◆ **GOAL OF THE EXERCISE**
Your job is to print, exactly, the lines in the data below from the line with "Normale Siegel, Kandidat" through the line with "4c2f992d Tenis Atleticos", both included, and to omit any picture.

◆ **EXTRACTED MATERIAL**
========================

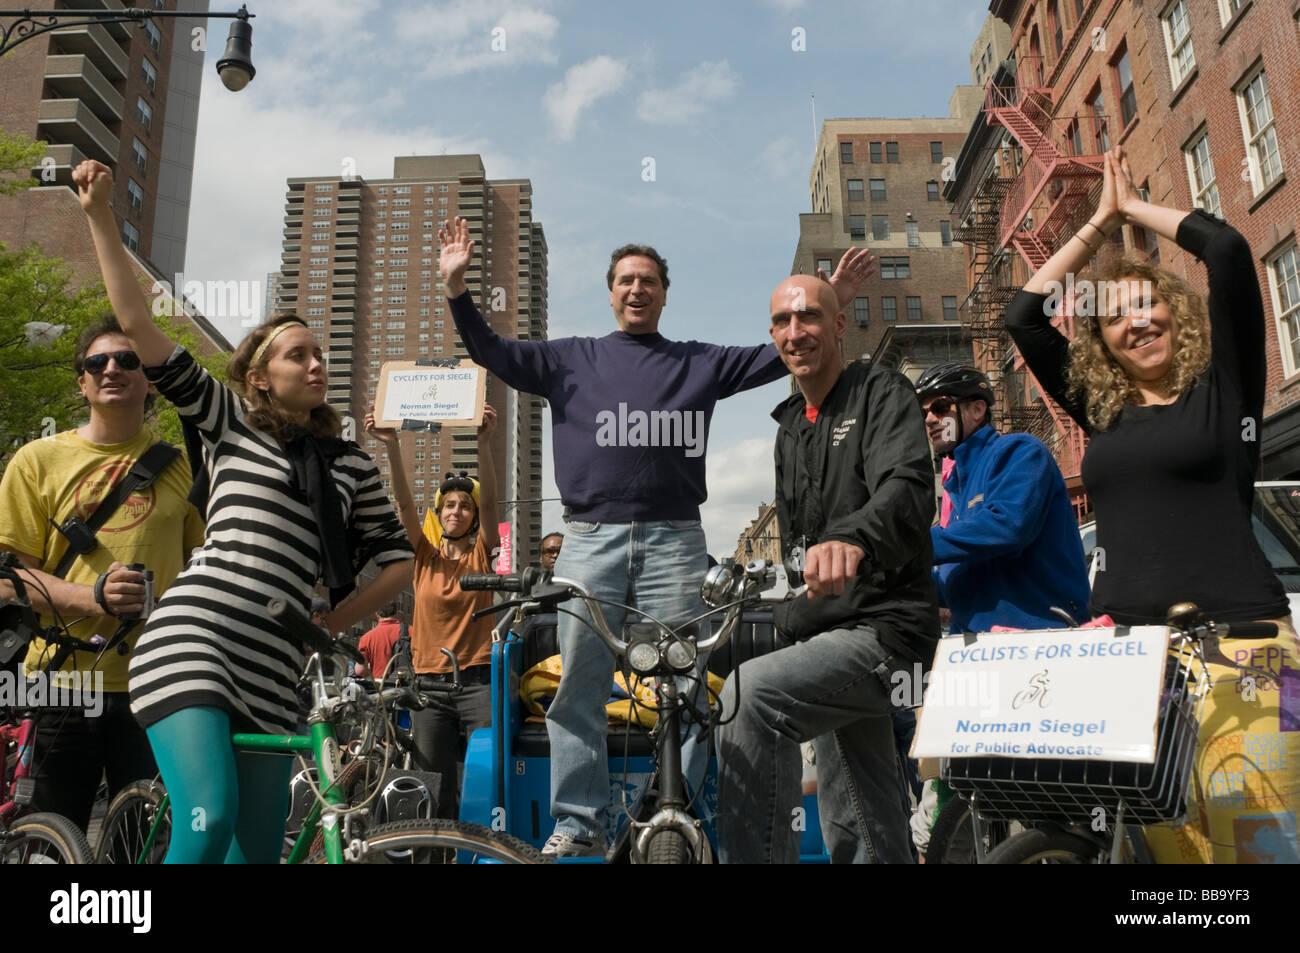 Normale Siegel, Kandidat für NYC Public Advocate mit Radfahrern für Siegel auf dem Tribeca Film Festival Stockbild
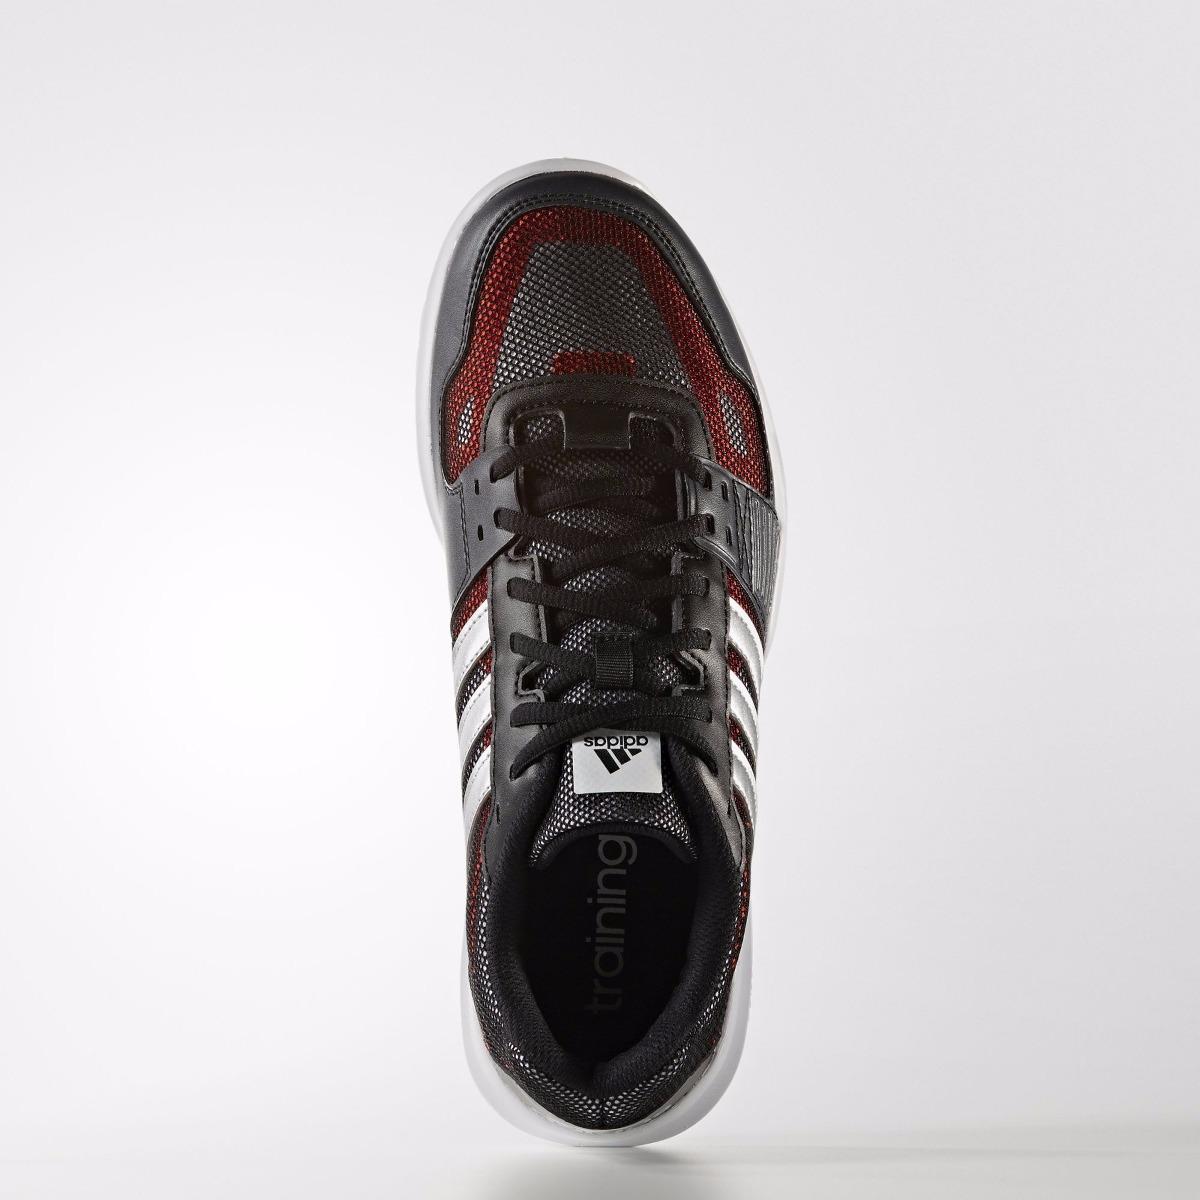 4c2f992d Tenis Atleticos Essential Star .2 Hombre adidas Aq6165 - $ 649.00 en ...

========================

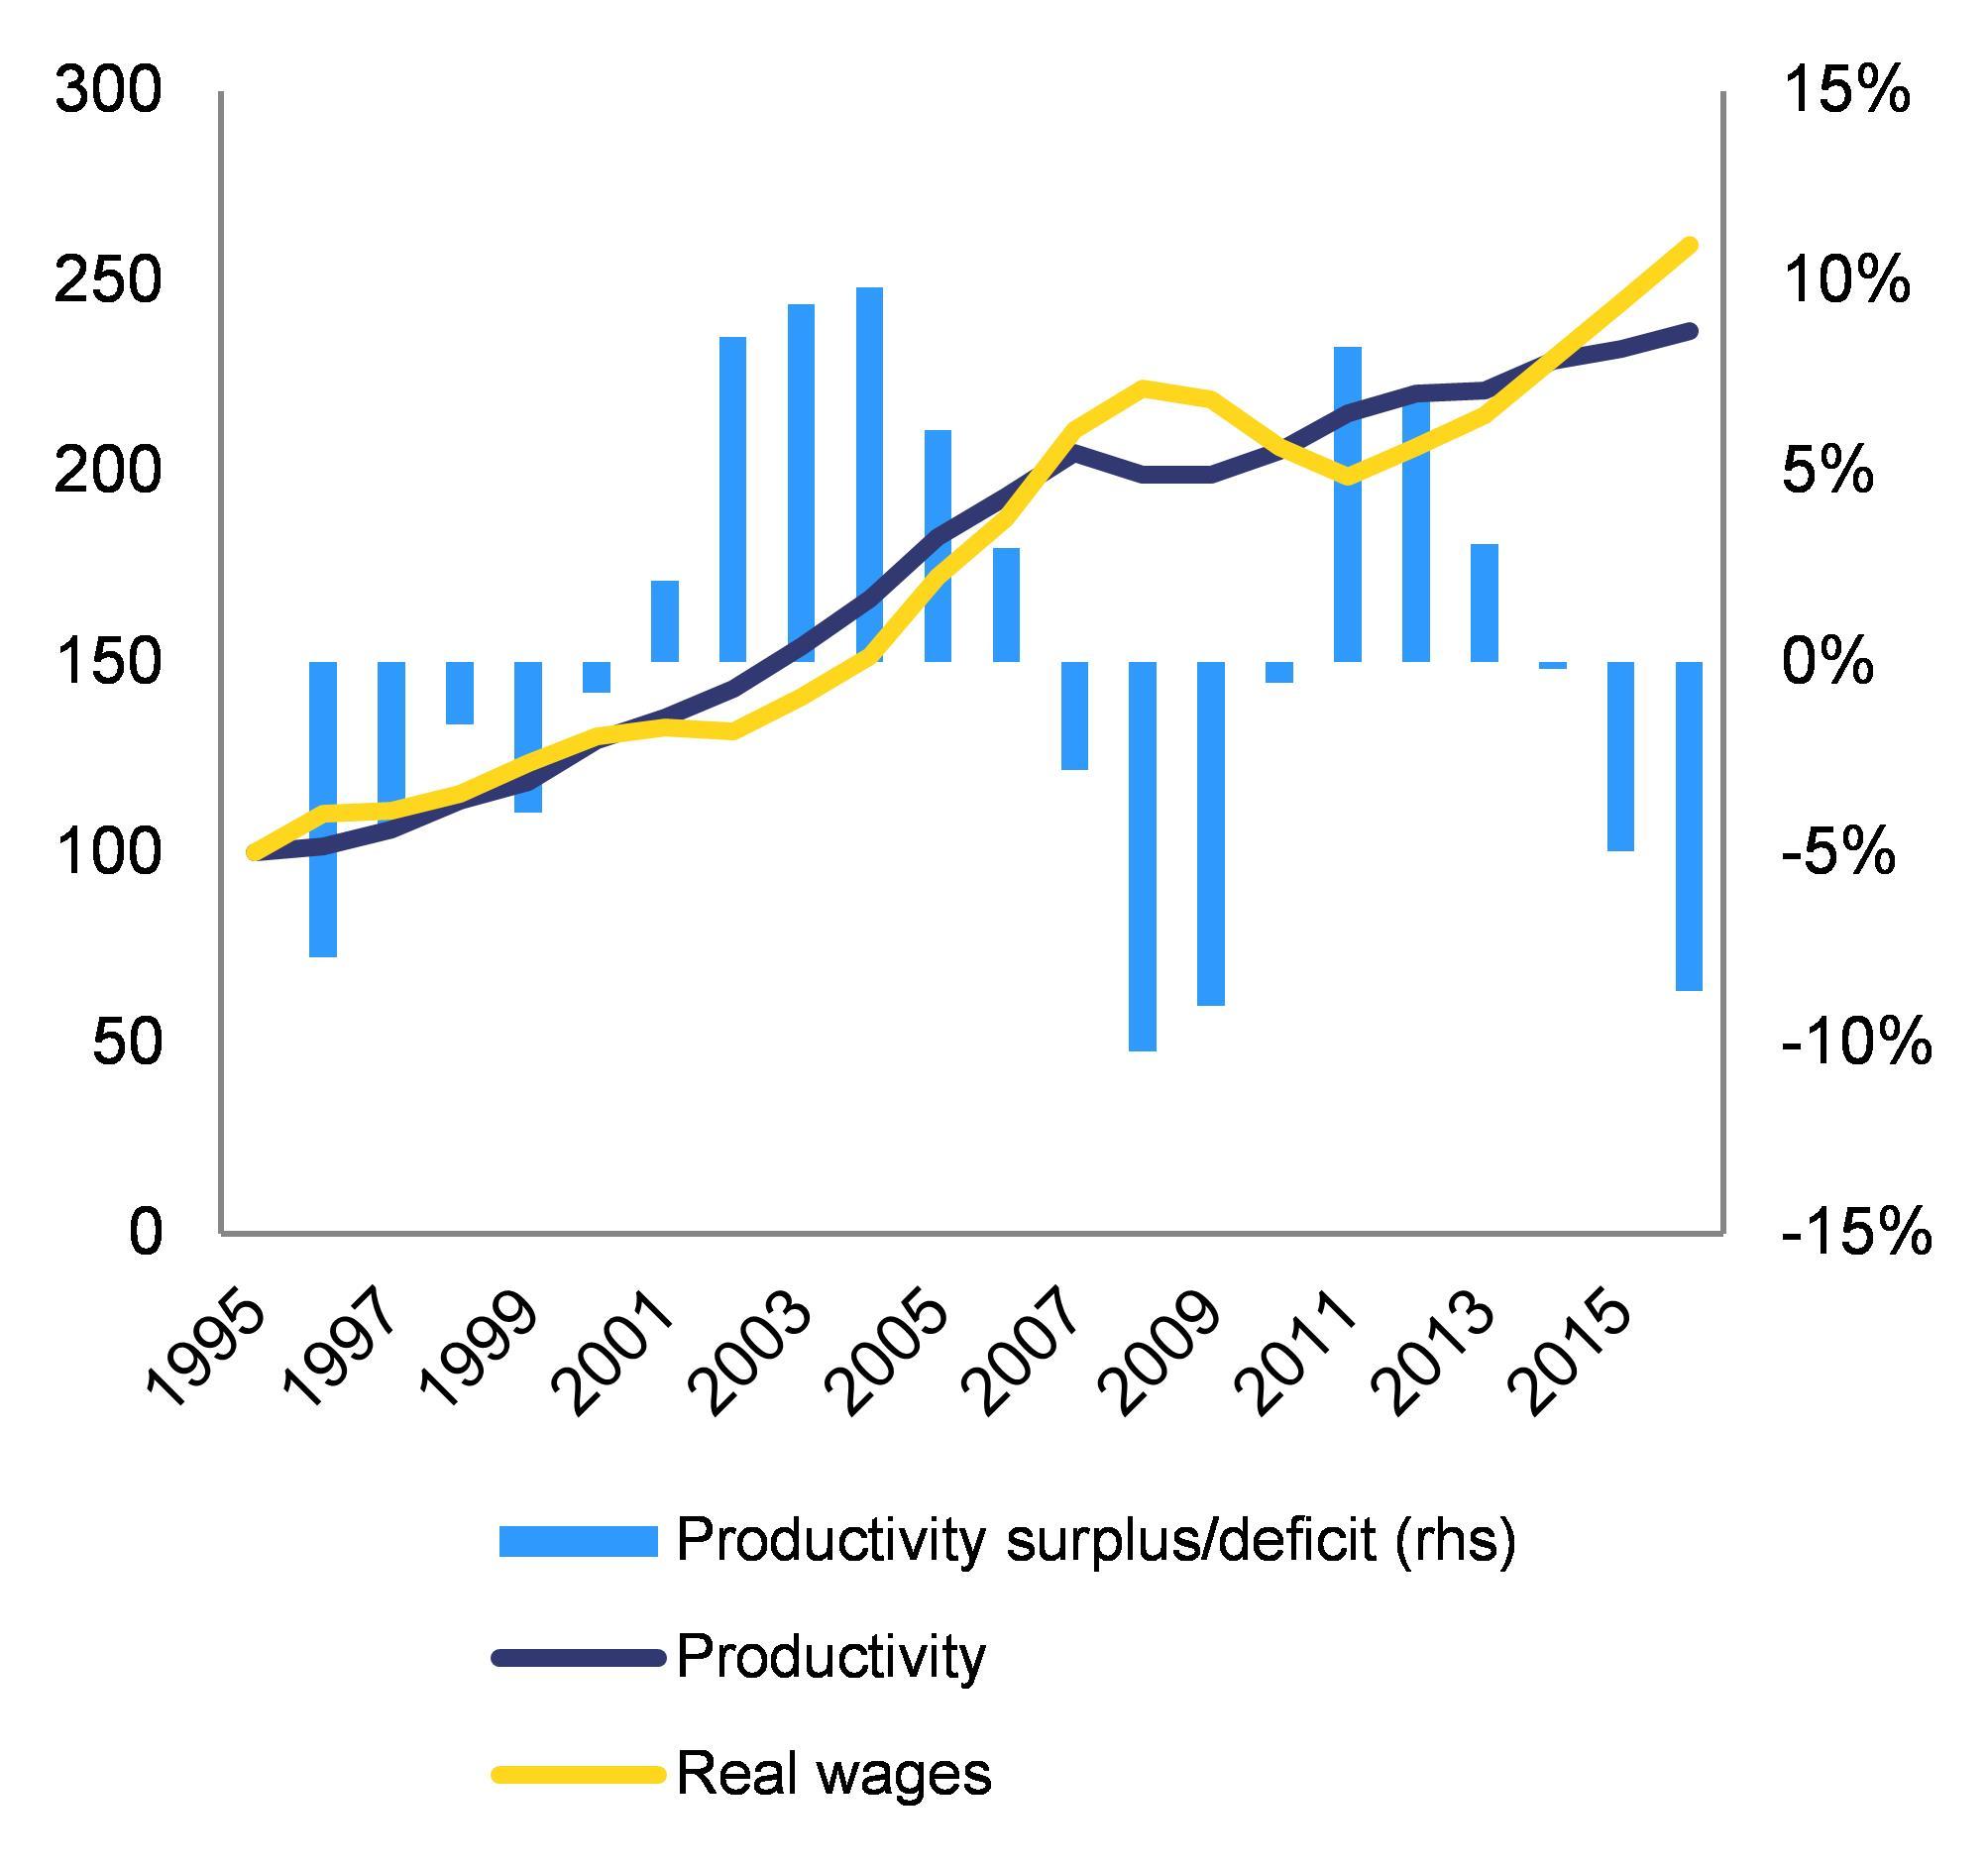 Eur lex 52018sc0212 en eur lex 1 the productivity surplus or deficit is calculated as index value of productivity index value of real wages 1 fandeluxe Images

========================

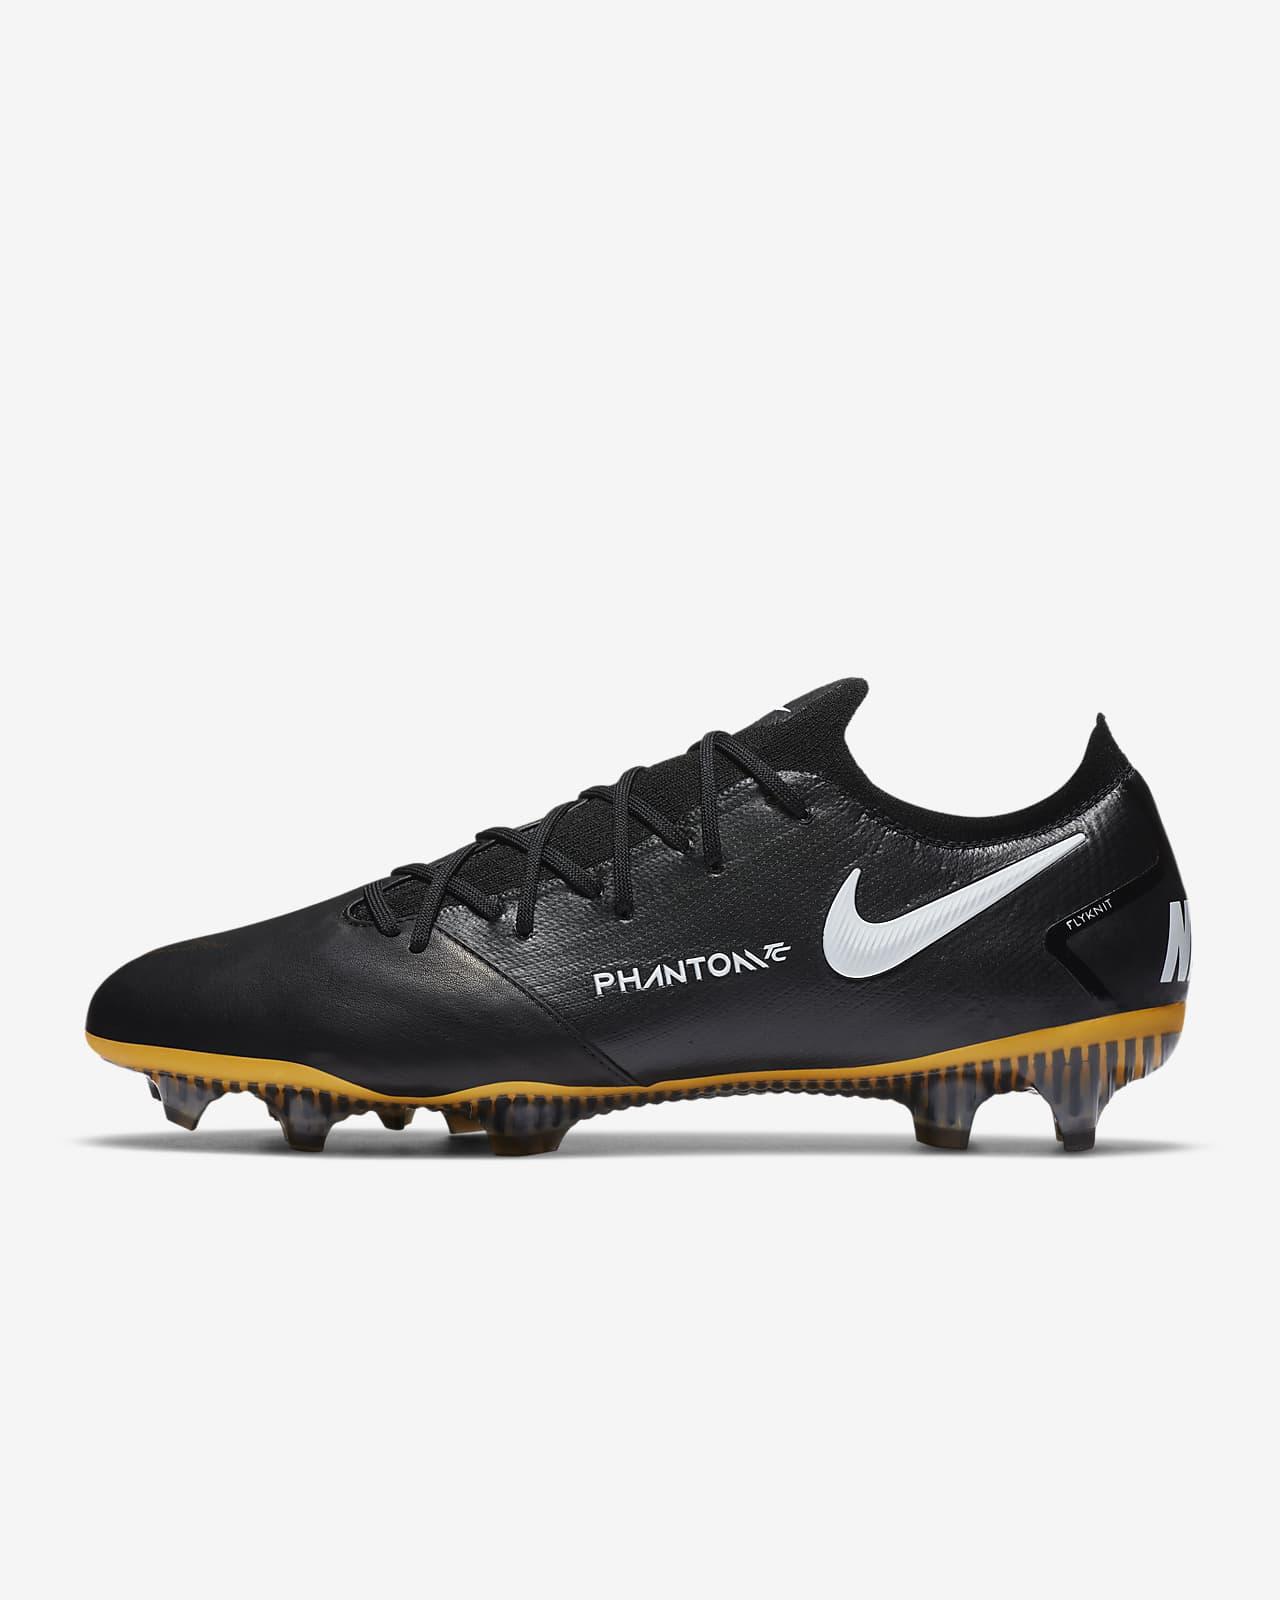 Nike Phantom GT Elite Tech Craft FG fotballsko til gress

========================

◆ **RESULT FOR THIS TASK**
 Normale Siegel, Kandidat für NYC Public Advocate mit Radfahrern für Siegel auf dem Tribeca Film Festival Stockbild
 4c2f992d Tenis Atleticos Essential Star .2 Hombre adidas Aq6165 - $ 649.00 en ...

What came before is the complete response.